◆ **Problem to solve**
The line containing "Two Girls Walking" marks the end: quote every line from the start of the records below through it, word for word.

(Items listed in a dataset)
┌──
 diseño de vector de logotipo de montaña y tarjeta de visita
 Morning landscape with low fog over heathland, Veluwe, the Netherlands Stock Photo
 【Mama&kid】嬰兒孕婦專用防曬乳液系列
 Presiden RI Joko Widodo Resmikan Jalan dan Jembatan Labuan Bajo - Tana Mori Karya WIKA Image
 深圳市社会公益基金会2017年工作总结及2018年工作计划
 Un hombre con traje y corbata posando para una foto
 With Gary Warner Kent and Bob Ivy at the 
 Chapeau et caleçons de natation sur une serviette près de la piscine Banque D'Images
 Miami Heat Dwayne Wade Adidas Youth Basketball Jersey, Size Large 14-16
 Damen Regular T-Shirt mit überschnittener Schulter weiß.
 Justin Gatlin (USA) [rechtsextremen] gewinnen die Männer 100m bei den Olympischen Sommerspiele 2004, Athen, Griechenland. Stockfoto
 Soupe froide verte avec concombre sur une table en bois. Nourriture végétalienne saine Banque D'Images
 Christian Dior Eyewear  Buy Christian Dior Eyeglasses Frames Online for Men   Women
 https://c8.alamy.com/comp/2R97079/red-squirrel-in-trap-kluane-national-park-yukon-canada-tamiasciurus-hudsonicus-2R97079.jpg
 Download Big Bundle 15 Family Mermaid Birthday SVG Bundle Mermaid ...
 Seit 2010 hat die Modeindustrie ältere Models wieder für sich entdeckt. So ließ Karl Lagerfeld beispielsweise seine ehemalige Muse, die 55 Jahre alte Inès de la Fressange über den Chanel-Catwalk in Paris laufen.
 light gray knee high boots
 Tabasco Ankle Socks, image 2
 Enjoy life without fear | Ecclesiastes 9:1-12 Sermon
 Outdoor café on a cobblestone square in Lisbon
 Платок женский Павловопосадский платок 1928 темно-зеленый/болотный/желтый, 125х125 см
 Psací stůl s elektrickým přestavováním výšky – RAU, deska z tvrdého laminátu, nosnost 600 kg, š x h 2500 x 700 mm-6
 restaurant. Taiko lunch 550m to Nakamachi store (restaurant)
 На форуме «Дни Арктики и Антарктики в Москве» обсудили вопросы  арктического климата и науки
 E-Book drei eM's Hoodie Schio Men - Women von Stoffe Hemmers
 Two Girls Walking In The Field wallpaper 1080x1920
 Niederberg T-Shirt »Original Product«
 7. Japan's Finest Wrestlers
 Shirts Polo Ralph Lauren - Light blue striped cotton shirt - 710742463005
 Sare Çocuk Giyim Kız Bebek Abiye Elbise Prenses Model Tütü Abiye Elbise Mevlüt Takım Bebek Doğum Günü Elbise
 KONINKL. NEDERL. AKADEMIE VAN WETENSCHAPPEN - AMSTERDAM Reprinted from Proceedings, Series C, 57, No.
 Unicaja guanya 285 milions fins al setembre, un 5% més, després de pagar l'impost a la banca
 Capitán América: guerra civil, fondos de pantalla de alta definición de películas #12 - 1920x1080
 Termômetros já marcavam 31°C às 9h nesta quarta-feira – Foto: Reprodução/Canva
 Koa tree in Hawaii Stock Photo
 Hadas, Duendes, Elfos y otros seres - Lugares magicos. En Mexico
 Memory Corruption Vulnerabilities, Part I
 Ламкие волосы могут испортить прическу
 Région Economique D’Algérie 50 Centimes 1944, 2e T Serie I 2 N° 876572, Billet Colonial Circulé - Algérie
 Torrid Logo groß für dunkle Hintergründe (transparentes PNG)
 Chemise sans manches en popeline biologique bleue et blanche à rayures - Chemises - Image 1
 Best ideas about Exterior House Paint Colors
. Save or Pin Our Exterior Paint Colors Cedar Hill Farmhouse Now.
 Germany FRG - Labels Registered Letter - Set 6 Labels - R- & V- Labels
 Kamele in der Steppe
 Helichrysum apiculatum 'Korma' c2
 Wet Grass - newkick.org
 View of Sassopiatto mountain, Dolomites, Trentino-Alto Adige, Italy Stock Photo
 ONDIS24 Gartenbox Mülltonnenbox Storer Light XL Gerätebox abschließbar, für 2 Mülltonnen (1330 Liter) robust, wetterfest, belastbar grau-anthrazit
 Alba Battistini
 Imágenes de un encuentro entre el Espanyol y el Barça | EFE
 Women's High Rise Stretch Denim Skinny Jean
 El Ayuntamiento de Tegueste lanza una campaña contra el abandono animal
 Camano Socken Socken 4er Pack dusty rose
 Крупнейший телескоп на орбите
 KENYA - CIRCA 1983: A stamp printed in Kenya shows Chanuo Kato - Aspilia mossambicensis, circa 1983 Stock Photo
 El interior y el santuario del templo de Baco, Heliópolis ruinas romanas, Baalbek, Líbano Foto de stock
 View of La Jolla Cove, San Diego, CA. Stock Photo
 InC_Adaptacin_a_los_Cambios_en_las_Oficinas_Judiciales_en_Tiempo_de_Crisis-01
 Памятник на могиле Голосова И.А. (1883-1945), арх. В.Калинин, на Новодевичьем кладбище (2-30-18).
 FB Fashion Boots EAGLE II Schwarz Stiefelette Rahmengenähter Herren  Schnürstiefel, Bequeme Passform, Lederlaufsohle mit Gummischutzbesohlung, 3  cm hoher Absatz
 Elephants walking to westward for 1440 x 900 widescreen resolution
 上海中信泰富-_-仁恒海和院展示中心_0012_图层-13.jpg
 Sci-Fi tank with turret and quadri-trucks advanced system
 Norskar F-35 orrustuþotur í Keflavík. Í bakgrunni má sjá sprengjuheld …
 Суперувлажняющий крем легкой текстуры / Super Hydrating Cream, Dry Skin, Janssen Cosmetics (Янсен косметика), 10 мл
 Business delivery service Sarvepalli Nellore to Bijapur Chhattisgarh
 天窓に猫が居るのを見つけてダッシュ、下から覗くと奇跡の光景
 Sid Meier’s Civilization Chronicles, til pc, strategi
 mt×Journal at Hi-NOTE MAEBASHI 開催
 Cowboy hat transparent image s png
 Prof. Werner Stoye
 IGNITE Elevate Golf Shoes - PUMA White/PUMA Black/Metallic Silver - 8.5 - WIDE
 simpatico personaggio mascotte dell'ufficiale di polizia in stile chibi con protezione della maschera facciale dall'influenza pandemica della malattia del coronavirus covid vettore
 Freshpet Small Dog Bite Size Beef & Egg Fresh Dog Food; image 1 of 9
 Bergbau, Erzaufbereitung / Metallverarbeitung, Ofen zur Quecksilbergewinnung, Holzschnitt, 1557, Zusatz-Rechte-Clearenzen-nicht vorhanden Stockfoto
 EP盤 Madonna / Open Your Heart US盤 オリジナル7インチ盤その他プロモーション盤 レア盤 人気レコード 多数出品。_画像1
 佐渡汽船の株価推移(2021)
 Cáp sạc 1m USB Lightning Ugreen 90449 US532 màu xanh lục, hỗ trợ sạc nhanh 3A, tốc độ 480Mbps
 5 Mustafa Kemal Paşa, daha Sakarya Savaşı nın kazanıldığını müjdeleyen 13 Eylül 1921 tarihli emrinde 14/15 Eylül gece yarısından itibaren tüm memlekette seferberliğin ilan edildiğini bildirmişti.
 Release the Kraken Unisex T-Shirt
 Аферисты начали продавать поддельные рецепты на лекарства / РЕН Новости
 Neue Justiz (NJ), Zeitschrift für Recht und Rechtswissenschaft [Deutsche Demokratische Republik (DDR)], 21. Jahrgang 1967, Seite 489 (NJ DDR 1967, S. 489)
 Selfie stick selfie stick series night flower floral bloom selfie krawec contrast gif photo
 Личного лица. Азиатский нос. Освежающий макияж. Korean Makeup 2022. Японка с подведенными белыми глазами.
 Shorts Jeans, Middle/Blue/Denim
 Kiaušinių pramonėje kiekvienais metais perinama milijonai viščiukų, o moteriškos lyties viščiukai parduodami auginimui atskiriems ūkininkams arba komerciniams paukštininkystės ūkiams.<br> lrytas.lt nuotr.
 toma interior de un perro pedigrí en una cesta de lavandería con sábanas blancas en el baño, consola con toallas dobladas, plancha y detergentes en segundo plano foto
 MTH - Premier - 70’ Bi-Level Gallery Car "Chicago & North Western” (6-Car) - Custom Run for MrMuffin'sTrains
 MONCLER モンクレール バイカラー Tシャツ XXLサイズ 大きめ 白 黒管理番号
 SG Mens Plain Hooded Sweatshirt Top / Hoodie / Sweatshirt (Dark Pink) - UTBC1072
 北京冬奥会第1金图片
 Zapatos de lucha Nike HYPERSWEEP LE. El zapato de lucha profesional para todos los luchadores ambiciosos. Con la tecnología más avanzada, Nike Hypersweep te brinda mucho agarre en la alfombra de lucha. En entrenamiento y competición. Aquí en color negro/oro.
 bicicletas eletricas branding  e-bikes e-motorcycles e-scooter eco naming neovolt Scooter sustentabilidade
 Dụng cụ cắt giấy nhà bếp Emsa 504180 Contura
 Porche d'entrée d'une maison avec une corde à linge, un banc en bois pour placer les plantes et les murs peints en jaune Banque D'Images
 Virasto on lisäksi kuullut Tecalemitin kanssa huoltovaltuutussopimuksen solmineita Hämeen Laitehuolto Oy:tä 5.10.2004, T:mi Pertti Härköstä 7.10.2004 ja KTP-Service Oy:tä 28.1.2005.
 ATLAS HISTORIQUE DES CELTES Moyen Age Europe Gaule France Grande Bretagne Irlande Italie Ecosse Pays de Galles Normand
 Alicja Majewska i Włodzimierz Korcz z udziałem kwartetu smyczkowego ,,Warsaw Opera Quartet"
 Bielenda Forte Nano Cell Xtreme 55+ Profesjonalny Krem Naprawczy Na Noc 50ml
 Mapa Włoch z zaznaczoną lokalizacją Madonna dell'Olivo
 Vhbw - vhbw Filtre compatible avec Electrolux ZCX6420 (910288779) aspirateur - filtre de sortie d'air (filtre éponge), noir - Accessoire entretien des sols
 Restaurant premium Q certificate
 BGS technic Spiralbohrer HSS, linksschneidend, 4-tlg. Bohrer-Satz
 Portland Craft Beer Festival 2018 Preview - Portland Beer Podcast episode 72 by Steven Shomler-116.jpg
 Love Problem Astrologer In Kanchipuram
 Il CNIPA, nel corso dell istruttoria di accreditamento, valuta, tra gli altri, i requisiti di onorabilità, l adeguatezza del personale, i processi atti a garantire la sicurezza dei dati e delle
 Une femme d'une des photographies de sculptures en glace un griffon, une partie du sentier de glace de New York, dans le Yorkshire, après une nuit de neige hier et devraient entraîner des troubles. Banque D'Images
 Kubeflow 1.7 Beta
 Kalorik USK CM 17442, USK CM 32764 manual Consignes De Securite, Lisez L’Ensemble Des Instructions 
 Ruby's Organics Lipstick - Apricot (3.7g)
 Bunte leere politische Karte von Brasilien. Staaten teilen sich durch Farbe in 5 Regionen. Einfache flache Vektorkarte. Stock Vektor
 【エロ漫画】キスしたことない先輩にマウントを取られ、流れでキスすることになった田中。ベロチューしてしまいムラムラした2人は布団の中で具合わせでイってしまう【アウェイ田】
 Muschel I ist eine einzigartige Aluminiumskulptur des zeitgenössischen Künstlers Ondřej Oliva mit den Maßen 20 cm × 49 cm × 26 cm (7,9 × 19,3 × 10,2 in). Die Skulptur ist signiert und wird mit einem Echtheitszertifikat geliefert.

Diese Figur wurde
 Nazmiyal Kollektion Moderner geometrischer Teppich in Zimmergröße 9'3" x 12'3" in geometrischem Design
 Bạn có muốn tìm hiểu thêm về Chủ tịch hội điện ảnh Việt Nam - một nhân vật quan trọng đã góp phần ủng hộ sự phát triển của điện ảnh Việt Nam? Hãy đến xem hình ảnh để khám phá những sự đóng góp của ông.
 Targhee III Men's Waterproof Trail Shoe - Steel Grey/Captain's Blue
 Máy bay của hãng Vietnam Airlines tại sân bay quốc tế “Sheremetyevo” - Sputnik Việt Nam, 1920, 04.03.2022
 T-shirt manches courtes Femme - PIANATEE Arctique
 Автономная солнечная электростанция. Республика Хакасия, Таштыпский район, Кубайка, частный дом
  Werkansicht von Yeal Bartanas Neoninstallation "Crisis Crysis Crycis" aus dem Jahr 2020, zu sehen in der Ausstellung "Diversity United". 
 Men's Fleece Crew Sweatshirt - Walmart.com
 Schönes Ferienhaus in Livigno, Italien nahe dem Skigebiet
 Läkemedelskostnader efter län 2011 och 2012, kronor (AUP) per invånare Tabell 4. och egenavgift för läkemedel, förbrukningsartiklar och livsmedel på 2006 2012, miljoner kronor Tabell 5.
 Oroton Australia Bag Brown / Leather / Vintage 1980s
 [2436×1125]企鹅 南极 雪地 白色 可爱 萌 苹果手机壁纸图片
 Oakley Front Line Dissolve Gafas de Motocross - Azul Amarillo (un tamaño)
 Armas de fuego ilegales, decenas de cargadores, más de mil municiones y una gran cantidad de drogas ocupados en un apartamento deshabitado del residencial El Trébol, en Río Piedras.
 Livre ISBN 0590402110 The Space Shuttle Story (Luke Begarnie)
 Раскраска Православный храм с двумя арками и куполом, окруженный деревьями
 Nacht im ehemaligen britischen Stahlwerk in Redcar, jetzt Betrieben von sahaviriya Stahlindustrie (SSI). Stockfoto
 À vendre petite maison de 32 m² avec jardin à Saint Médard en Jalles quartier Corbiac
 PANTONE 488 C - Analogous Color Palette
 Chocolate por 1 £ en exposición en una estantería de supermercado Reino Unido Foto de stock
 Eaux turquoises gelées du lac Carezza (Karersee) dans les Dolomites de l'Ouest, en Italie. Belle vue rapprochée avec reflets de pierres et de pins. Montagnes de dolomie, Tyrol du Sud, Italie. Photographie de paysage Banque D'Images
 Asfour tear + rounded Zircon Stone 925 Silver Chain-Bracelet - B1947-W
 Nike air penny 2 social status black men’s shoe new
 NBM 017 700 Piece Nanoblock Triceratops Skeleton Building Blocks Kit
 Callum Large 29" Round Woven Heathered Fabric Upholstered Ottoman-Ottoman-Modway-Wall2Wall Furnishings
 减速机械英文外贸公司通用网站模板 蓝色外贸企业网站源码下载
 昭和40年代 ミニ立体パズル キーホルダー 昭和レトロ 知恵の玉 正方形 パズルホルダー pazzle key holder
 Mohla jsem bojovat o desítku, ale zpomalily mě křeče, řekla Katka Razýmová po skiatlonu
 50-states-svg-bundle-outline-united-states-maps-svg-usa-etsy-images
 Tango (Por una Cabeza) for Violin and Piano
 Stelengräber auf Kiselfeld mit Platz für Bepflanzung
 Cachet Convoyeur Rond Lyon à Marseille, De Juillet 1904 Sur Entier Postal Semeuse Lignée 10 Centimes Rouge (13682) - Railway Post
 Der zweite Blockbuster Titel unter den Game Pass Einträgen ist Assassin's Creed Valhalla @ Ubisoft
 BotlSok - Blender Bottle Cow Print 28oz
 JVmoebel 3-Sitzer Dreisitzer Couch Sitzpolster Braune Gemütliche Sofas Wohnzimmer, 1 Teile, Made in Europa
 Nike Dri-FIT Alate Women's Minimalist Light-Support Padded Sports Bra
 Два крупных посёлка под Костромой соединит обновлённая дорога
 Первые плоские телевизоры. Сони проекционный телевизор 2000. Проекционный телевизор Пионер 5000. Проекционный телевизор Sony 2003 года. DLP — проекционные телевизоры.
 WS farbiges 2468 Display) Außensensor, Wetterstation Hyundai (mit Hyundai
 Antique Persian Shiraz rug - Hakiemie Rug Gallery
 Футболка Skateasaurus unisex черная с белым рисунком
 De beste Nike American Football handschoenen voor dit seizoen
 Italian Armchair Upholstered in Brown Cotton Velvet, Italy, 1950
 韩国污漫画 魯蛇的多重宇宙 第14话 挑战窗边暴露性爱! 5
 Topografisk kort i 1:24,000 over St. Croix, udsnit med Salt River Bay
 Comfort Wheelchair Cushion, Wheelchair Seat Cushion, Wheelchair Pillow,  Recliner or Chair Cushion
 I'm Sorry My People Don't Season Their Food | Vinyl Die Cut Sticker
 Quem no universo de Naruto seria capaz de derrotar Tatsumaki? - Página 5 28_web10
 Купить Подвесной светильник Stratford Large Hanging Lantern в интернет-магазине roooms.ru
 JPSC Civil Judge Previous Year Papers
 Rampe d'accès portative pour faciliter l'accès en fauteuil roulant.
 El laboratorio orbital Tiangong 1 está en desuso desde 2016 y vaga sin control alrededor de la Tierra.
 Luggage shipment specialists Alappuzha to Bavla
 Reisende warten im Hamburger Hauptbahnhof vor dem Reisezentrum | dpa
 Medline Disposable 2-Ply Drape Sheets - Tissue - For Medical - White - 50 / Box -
└──
◆ **Solution to this task**
 diseño de vector de logotipo de montaña y tarjeta de visita
 Morning landscape with low fog over heathland, Veluwe, the Netherlands Stock Photo
 【Mama&kid】嬰兒孕婦專用防曬乳液系列
 Presiden RI Joko Widodo Resmikan Jalan dan Jembatan Labuan Bajo - Tana Mori Karya WIKA Image
 深圳市社会公益基金会2017年工作总结及2018年工作计划
 Un hombre con traje y corbata posando para una foto
 With Gary Warner Kent and Bob Ivy at the 
 Chapeau et caleçons de natation sur une serviette près de la piscine Banque D'Images
 Miami Heat Dwayne Wade Adidas Youth Basketball Jersey, Size Large 14-16
 Damen Regular T-Shirt mit überschnittener Schulter weiß.
 Justin Gatlin (USA) [rechtsextremen] gewinnen die Männer 100m bei den Olympischen Sommerspiele 2004, Athen, Griechenland. Stockfoto
 Soupe froide verte avec concombre sur une table en bois. Nourriture végétalienne saine Banque D'Images
 Christian Dior Eyewear  Buy Christian Dior Eyeglasses Frames Online for Men   Women
 https://c8.alamy.com/comp/2R97079/red-squirrel-in-trap-kluane-national-park-yukon-canada-tamiasciurus-hudsonicus-2R97079.jpg
 Download Big Bundle 15 Family Mermaid Birthday SVG Bundle Mermaid ...
 Seit 2010 hat die Modeindustrie ältere Models wieder für sich entdeckt. So ließ Karl Lagerfeld beispielsweise seine ehemalige Muse, die 55 Jahre alte Inès de la Fressange über den Chanel-Catwalk in Paris laufen.
 light gray knee high boots
 Tabasco Ankle Socks, image 2
 Enjoy life without fear | Ecclesiastes 9:1-12 Sermon
 Outdoor café on a cobblestone square in Lisbon
 Платок женский Павловопосадский платок 1928 темно-зеленый/болотный/желтый, 125х125 см
 Psací stůl s elektrickým přestavováním výšky – RAU, deska z tvrdého laminátu, nosnost 600 kg, š x h 2500 x 700 mm-6
 restaurant. Taiko lunch 550m to Nakamachi store (restaurant)
 На форуме «Дни Арктики и Антарктики в Москве» обсудили вопросы  арктического климата и науки
 E-Book drei eM's Hoodie Schio Men - Women von Stoffe Hemmers
 Two Girls Walking In The Field wallpaper 1080x1920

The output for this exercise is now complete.